Poussés par une guerre commerciale mondiale, le nouveau Premier ministre canadien, Mark Carney, qui dirige le Parti libéral, et son principal adversaire électoral, le chef du Parti conservateur Pierre Poilievre, ont tous deux proposé des changements radicaux pour stimuler la croissance économique. Selon les derniers sondages, les libéraux devraient remporter le plus grand nombre de sièges, même si la course se resserre.
Si les droits de douane imposés par le président américain Donald Trump constituent un risque énorme pour l'économie canadienne, les observateurs du marché se disent encouragés par les choix politiques proposés dans le cadre de la campagne électorale.
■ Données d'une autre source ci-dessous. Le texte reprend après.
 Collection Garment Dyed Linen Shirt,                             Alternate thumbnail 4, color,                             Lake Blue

« Je pense que les Canadiens devraient se sentir vraiment satisfaits de leurs choix cette fois-ci », a déclaré Barry Schwartz, directeur des investissements chez Baskin Wealth Management. « Il faut être aussi optimiste que possible pour le Canada pour les dix prochaines années. » Le PIB par habitant du Canada, qui mesure le niveau de vie, a à peine augmenté depuis l'arrivée au pouvoir de Justin Trudeau, le prédécesseur de M. Carney, en 2015, freiné par une croissance médiocre de la productivité. M. Carney, qui a travaillé pour Goldman Sachs avant de diriger les banques centrales du Canada et de la Grande-Bretagne, a annulé une proposition d'augmentation de l'impôt sur les gains en capital qui était impopulaire auprès des investisseurs. Son gouvernement vise la mise en place d'un libre-échange au sein du pays d'ici le 1er juillet, tandis que M. Poilievre et lui-même ont promis d'accélérer les projets énergétiques afin de diversifier les exportations de pétrole vers d'autres marchés que les États-Unis.
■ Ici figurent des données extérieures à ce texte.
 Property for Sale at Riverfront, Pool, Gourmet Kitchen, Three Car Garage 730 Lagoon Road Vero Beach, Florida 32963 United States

« Il existe désormais un catalyseur et une dynamique pour faire ce qui aurait dû être fait depuis des décennies », a déclaré Tony Stillo, directeur de l'économie canadienne chez Oxford Economics. « Tout, du libre-échange interne à la diversification de nos partenaires commerciaux afin de ne pas mettre tous nos œufs dans le même panier, à savoir les États-Unis. »
Le Canada exporte environ 75 % de ses exportations vers les États-Unis, notamment de l'acier, de l'aluminium et des automobiles, qui ont été frappés par de lourds droits de douane américains, tandis que son rôle de grand producteur de pétrole pourrait le rendre particulièrement vulnérable à un ralentissement de l'économie mondiale. Le FMI a revu à la baisse ses prévisions de croissance pour le Canada, passant de 2 % en janvier à 1,4 % en 2025 et 1,6 % en 2026. Toutefois, l'un des aspects positifs est l'évolution vers un gouvernement canadien plus favorable aux entreprises, a déclaré Greg Taylor, gestionnaire de portefeuille chez Purpose Investments, ajoutant que la menace des droits de douane a incité le pays à prendre des mesures pour accroître la productivité.
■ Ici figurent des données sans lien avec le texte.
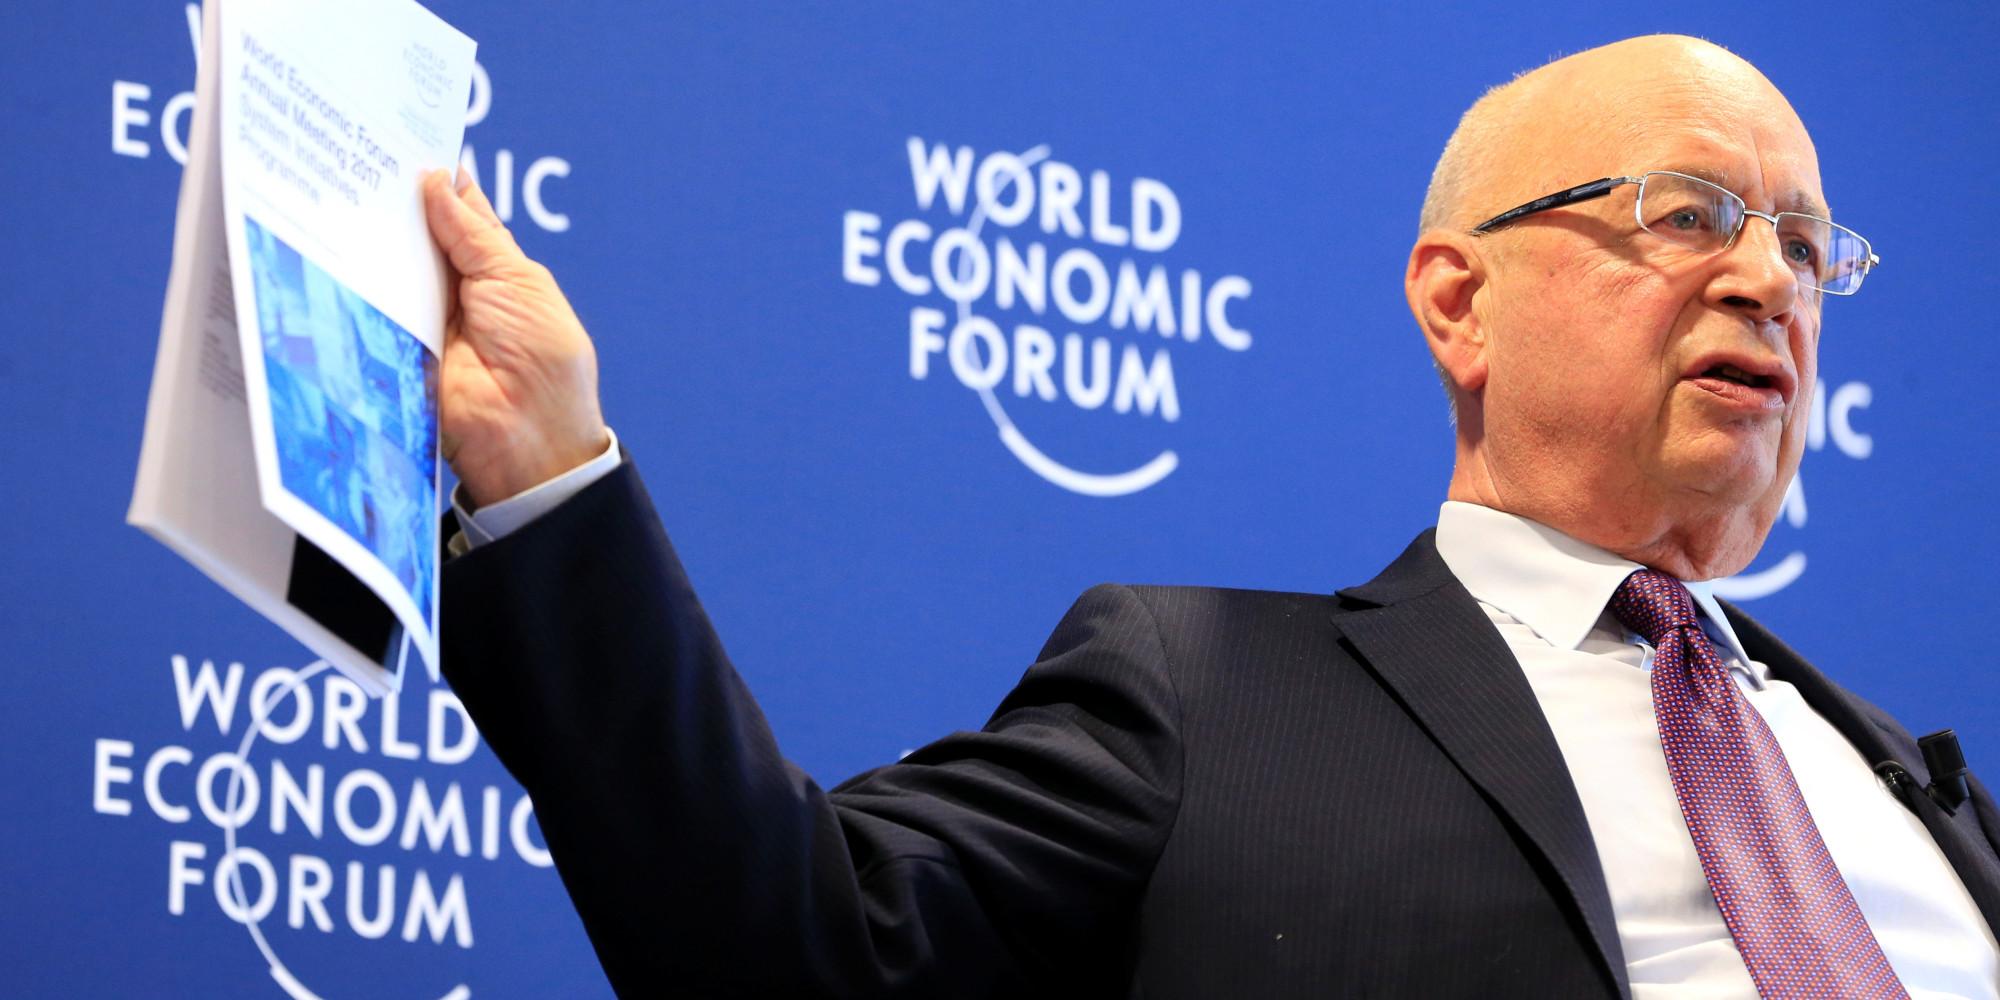 Capitalism Needs A Major Overhaul, World Economic Forum Report Says

« Le marché part déjà du principe, au vu des sondages, que Carney va l'emporter », a déclaré Marc Chandler, stratège en chef des marchés chez Bannockburn Global Forex. « Il a déjà abandonné certaines des politiques les moins populaires de Trudeau et je pense qu'il est plus susceptible de se rapprocher de l'Europe. »
DÉPENSES DÉFICITAIRES Les programmes électoraux publiés ces derniers jours par les deux principaux candidats montrent que les libéraux prévoient de dépenser plus que les conservateurs, tandis que ces derniers prévoient des réductions d'impôts plus importantes. Selon M. Stillo, d'Oxford Economics, le programme libéral propose un soutien budgétaire massif à l'économie, avec des dépenses déficitaires supplémentaires estimées à 2,5 % du PIB au cours des quatre prochaines années, contre 0,3 % dans le programme conservateur.
Son analyse comprend certains ajustements des chiffres avancés par les candidats, notamment la suppression des estimations de recettes supplémentaires liées à la croissance économique plus forte prévue dans le programme conservateur.
Les investisseurs ont tendance à privilégier la combinaison de réductions d'impôts, de réduction des déficits et de déréglementation promise par M. Poilievre. Le dollar canadien devrait se raffermir en cas de victoire surprise des conservateurs, tandis qu'une victoire des libéraux pourrait réduire la nécessité de nouvelles baisses des taux d'intérêt par la Banque du Canada et alourdir l'émission déjà élevée de dette, estiment certains analystes.
Néanmoins, l'expérience de M. Carney en tant que banquier central pourrait rassurer les investisseurs.
« Le marché regarde Carney et se dit : "C'est l'un des nôtres, tout ira bien" », a déclaré Adam Button, analyste en chef des devises chez ForexLive.